Abstract
We argue two major difficulties in current discourses of citizenship education. The first is a relative masking of student discourses of citizenship by positioning students as lacking citizenship and as outside the community that acts. The second is in failing to understand the discursive and material support for citizenship activity. We, thus, argue that it is not a lack of citizenship that education research might address, but identification and exploration of the different forms of citizenship that students already engage in. We offer a fragmentary, poststructuralist theorization oriented to explore the ‘contemporary limits of the necessary’, drawing on specific resources from the work of Michel Foucault and others for the constitution of local, partial accounts of citizenship discourses and activities, and exploration of their possibilities and constraints. We argue this as a significant tactic of theorization in support of an opening of discourses of citizenship and in avoiding the discursive difficulties that we have identified. Our theorization, then, is significant in its potential to unsettle discourses that confine contemporary thought regarding citizenship education and support exploration of what might be excessive to that confinement.
Notes
1. Nelson and Kerr (Citation2006) carried out an international review of active citizenship policy definitions and orientations in curriculum and assessment frameworks in internet archive (INCA) countries: Australia, Canada, England, Hungary, Italy, Japan, the Netherlands, New Zealand, Northern Ireland, the Republic of Ireland, Scotland, Singapore, Spain, the USA and Wales. Data on active citizenship was gathered through questionnaire and through discussions at an international seminar in 2006.

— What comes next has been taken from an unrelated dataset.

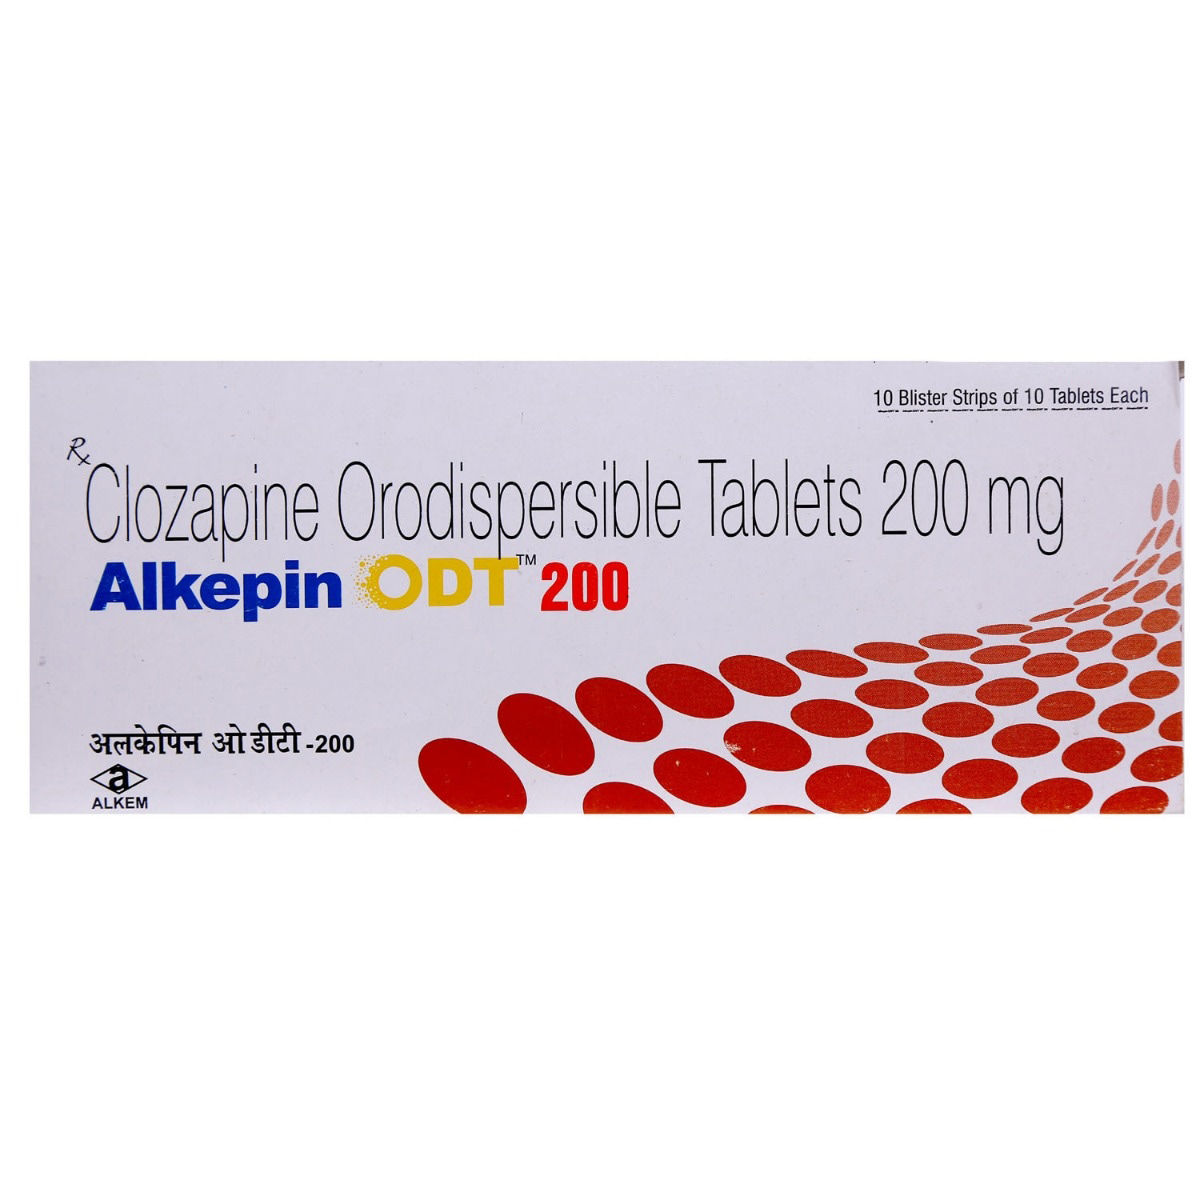 Alkepin ODT 200 Tablet 10's, Pack of 10 TabletS

2. Given the salience of paid work to contemporary characterizations of citizenship, the group was stratified according to ‘insider’ and ‘outsider’ status as a proxy for social class. ‘Insiders’ conformed with a stereotypical model of the ‘successful’ young person as on the route through ‘A’ levels and university and into graduate-type employment; ‘outsiders’ fell well outside it, with few or no qualification and a record of unemployment for most of the time since leaving school’ (Lister et al. 2003, 236).